* Task instructions
Whatever pictures appear, omit them, and repeat the data below exactly.

* Data
══════════════════════════════

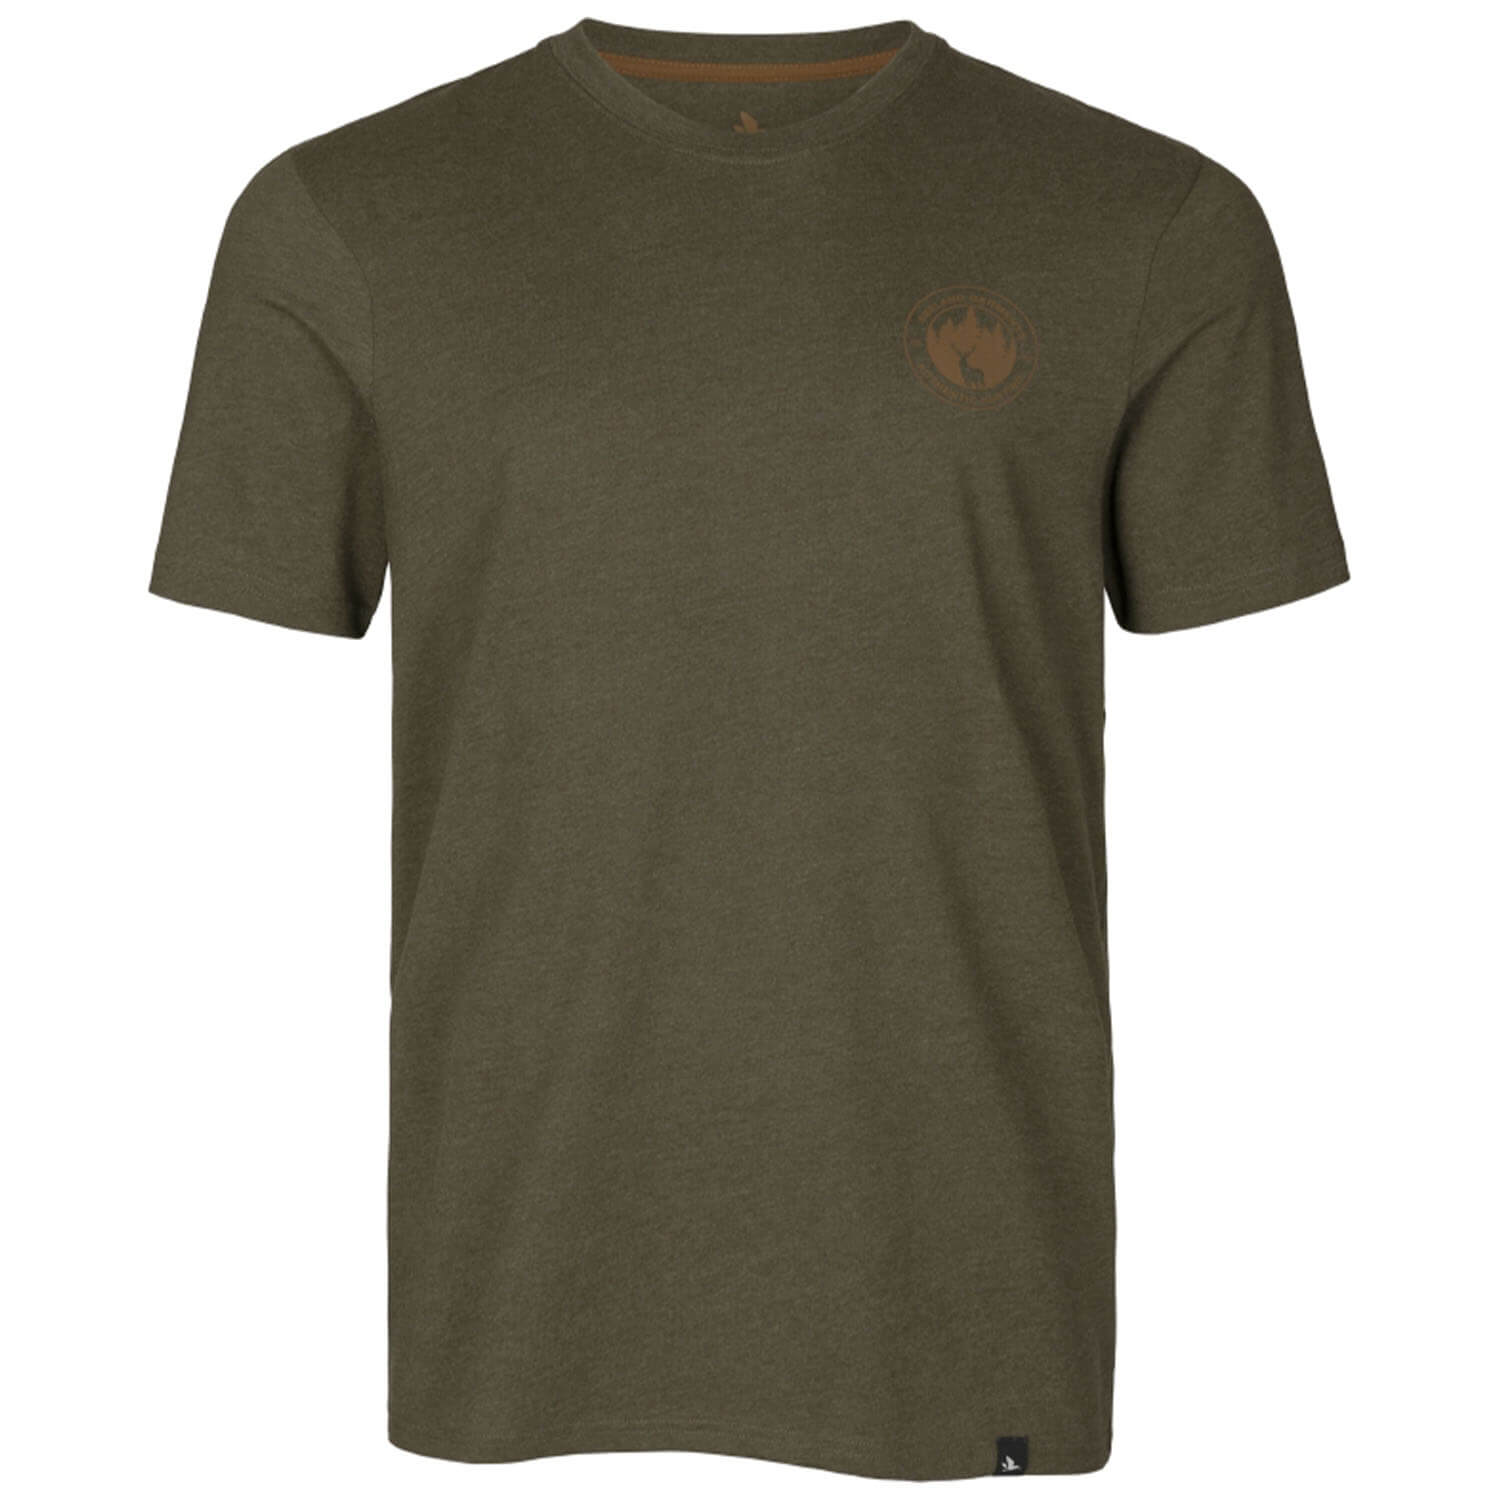  Seeland T-shirt Saker (Dennengroen gemêleerd) - Jachtshirts
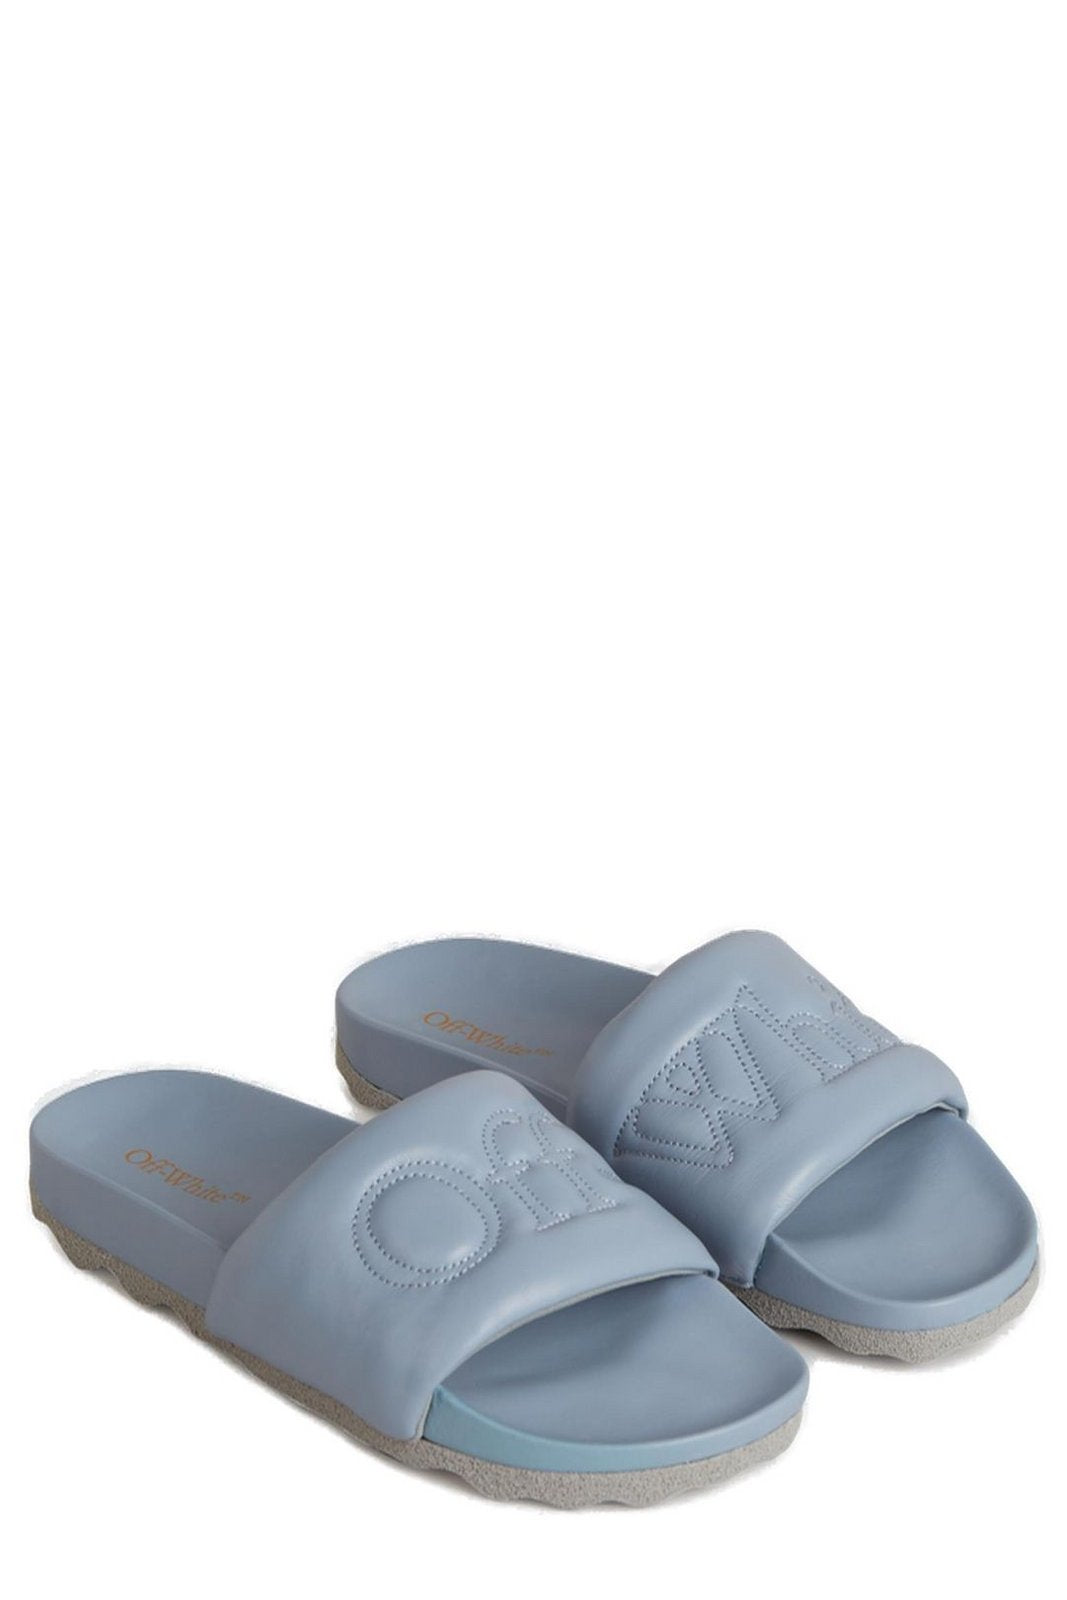 Off-White Open Toe Slip-On Sandals
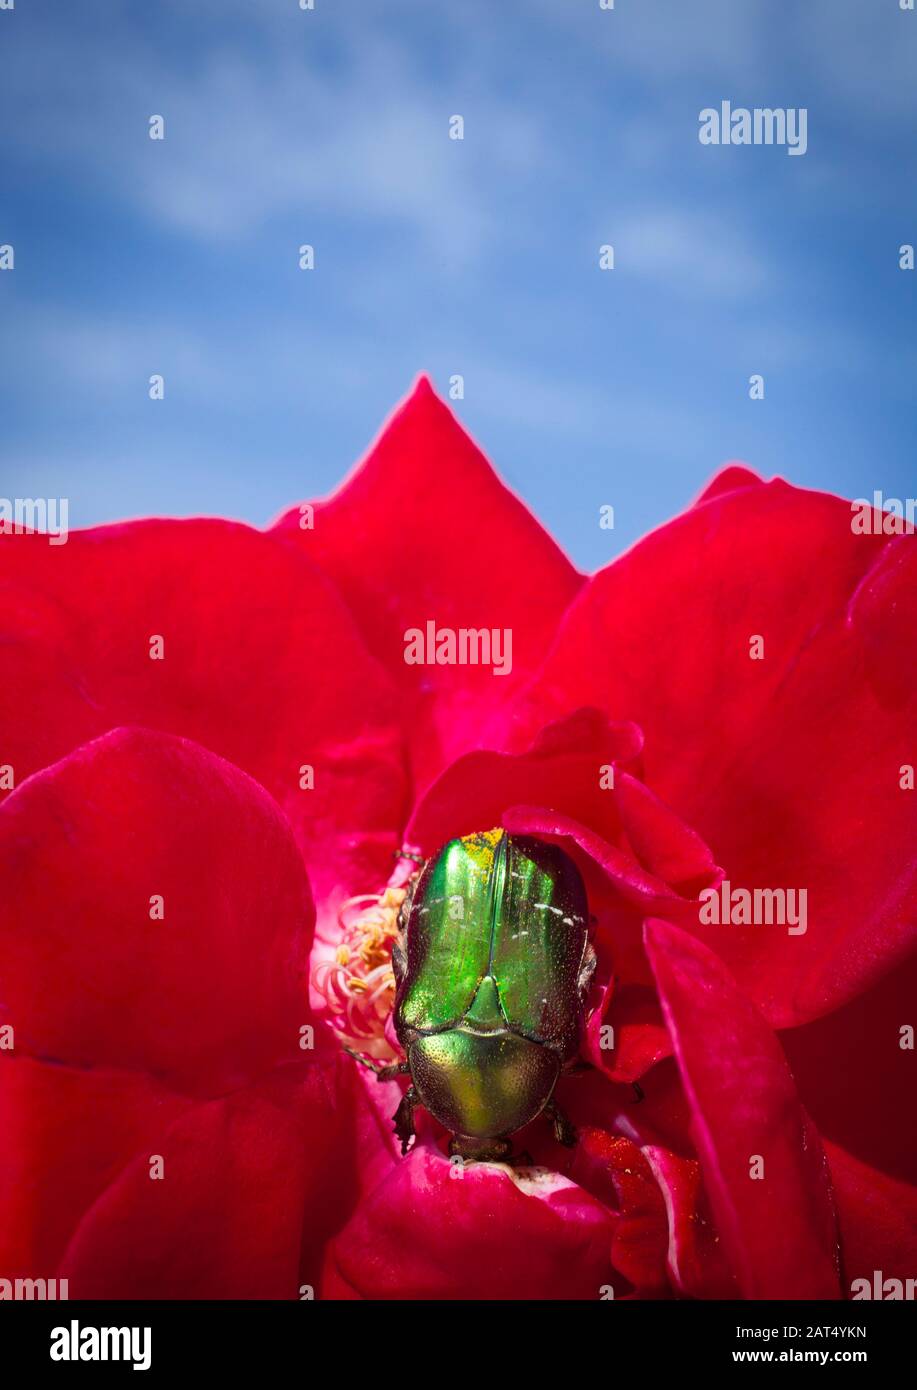 Ein grüner Rosenkäfer (Cetonia aurata) auf einer roten, Gartenrose. Rosenkeuler leben von Rosen und die Erwachsenen essen Blumen und Pollen. Stockfoto

══════════════════════════════

* The answer
  Seeland T-shirt Saker (Dennengroen gemêleerd) - Jachtshirts
 Off-White Open Toe Slip-On Sandals
 Ein grüner Rosenkäfer (Cetonia aurata) auf einer roten, Gartenrose. Rosenkeuler leben von Rosen und die Erwachsenen essen Blumen und Pollen. Stockfoto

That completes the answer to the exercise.